China has drastically curtailed the overseas lending programme of its two largest policy banks, after nearly a decade of ambitious growth which at its peak rivalled that of the World Bank, new research indicates.
Lending by the China Development Bank and the Export-Import Bank of China collapsed from a peak of $75bn in 2016 to just $4bn last year, according to data compiled by researchers at Boston University and seen by the Financial Times.
The sharp retrenchment comes as Beijing rethinks its Belt and Road Initiative, the signature scheme of China’s leader Xi Jinping that finances and builds roads, railways, ports and other infrastructure in mostly developing countries.
The BRI has attracted growing criticism around the world for weaknesses including lending to low-income countries with shaky finances and a lack of transparency or social and environmental impact studies on the projects financed.
Kevin Gallagher, director of the Boston University Global Development Policy Center, which compiled the data, said Beijing’s trade war with the US was also a factor in the dramatic shift.
“In 2018 and 19 there was so much uncertainty because of the trade war with the US, they may have wanted to keep dollar assets at home,” he said.
According to a recent report by the Overseas Development Institute, a think-tank, Beijing is now realising that its approach to lending is unsustainable.
“The old . . . model, whereby the interests of Chinese companies and local elites take precedence over the good of the borrowing country, which bears a disproportionate amount of the project failure risk, will become even more unsustainable amid countries’ reduced capacity to take on debt and risk,” the ODI report said.
China has three policy banks that drive infrastructure investment at home and overseas: the two banks covered by the Boston University survey and the Agricultural Development Bank. They can lend overseas on concessionary terms but more often lend at close to commercial rates of interest.
Lending by the CDB and EIBC totalled $462bn between 2008 and 2019 according to the data, which will be published on Tuesday — just short of the $467bn lent by the World Bank to low- and middle-income countries during the period.
But the poor governance standards often associated with Chinese lending to BRI projects have contributed to a series of scandals and complaints by debtor countries.
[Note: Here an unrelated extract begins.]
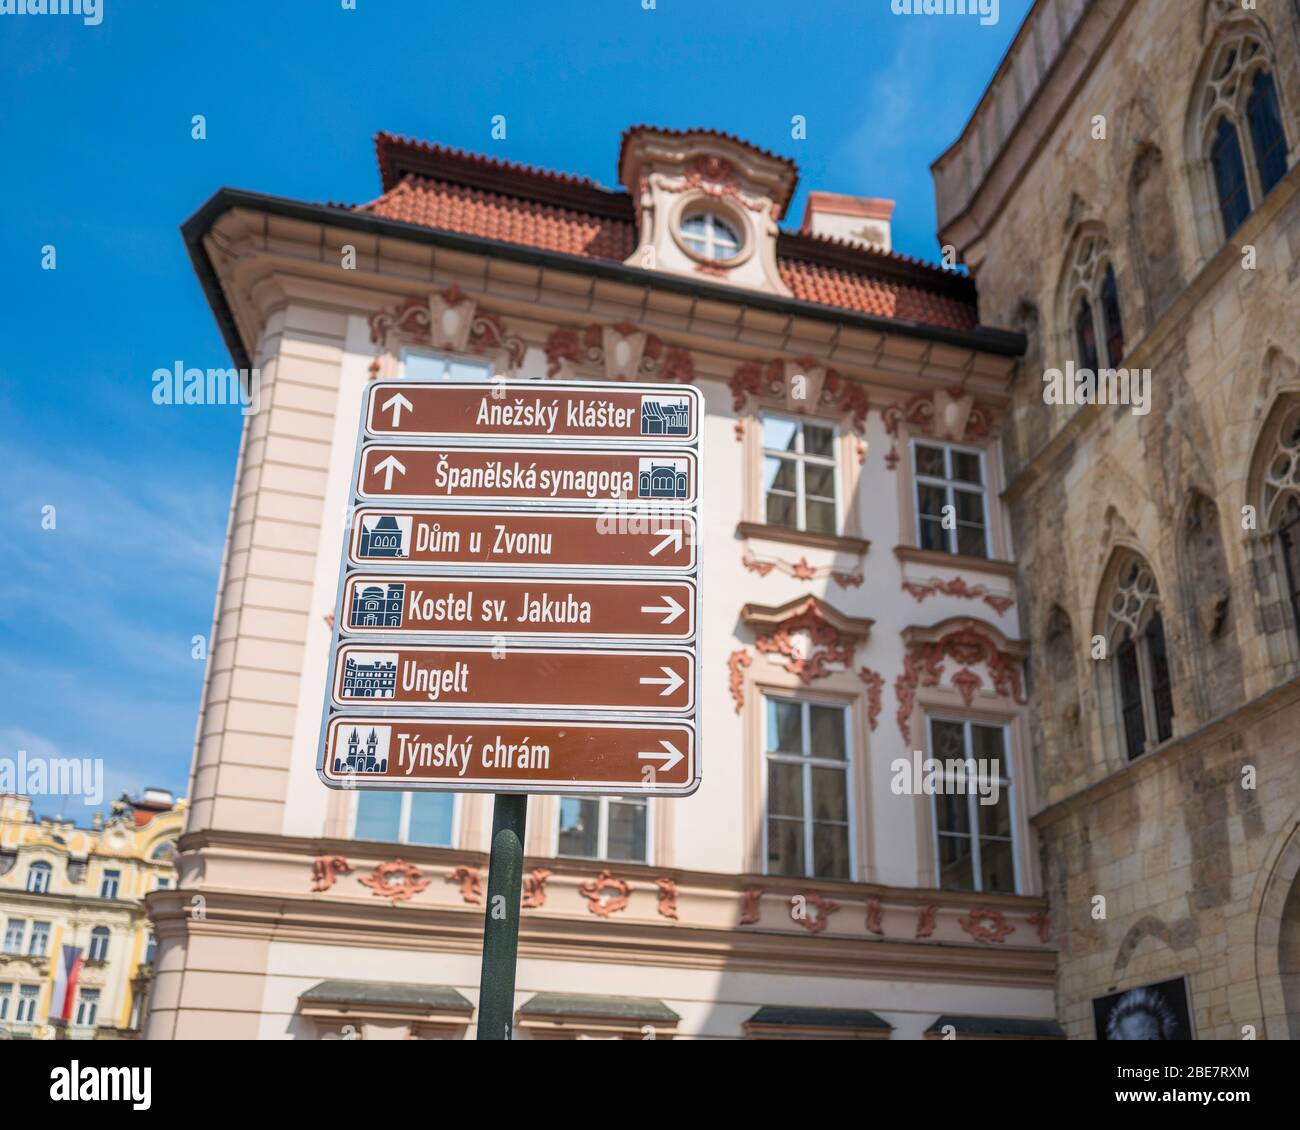 Der Wegweiser auf dem Altstädter Ring von Prag, Tschechische Republik, weist auf eine Reihe von Sehenswürdigkeiten in der Altstadt hin. Stockfoto

In one recent example, Pakistan — one of the biggest recipients of BRI lending — alleged that Chinese companies inflated power project costs by billions of dollars; it is seeking to renegotiate repayment terms. Islamabad accused Chinese and local power companies of “malpractices” and exaggerating costs. Several big-ticket projects in Malaysia have also become mired in controversy.
Yu Jie, senior research fellow on China at Chatham House, the UK think-tank, said that state-owned enterprises and state-owned banks were shifting their resources to domestic rather than overseas projects. Beijing’s economic policies have changed in recent years from an emphasis on export-led growth to domestic investment and consumption.
“There will be far more stringent criteria on the commercial viability of projects,” Ms Yu said. “In the past it was more about using financial resources to extend China’s political influence. Now it will be more about commercial gains.”
She added that China faced “enormous . . . reputational damage” from the BRI: “Its expansive nature has alarmed the rest of the world and the government has been unable to come up with a transparent plan and explain its debt diplomacy.”
Public opinion in China is also a headwind to overseas lending, she said, as policymakers and the public have realised China needs to invest more in its health services, which had been tested by the coronavirus pandemic.
China’s lending has been concentrated in a relatively small number of countries, with 10 recipients making up 60 per cent of the total, according to the Boston University research. Loans to Venezuela, the largest recipient, took up more than 12.5 per cent, followed by Pakistan, Russia and Angola.
Projects financed were predominantly in transport and other infrastructure, mining and oil extraction, including pipelines, and power generation and transmission.
Of 858 loans identified by the Boston researchers, 124 were for projects in nationally protected areas, 261 were within critical habitats and 133 were within indigenous peoples’ lands.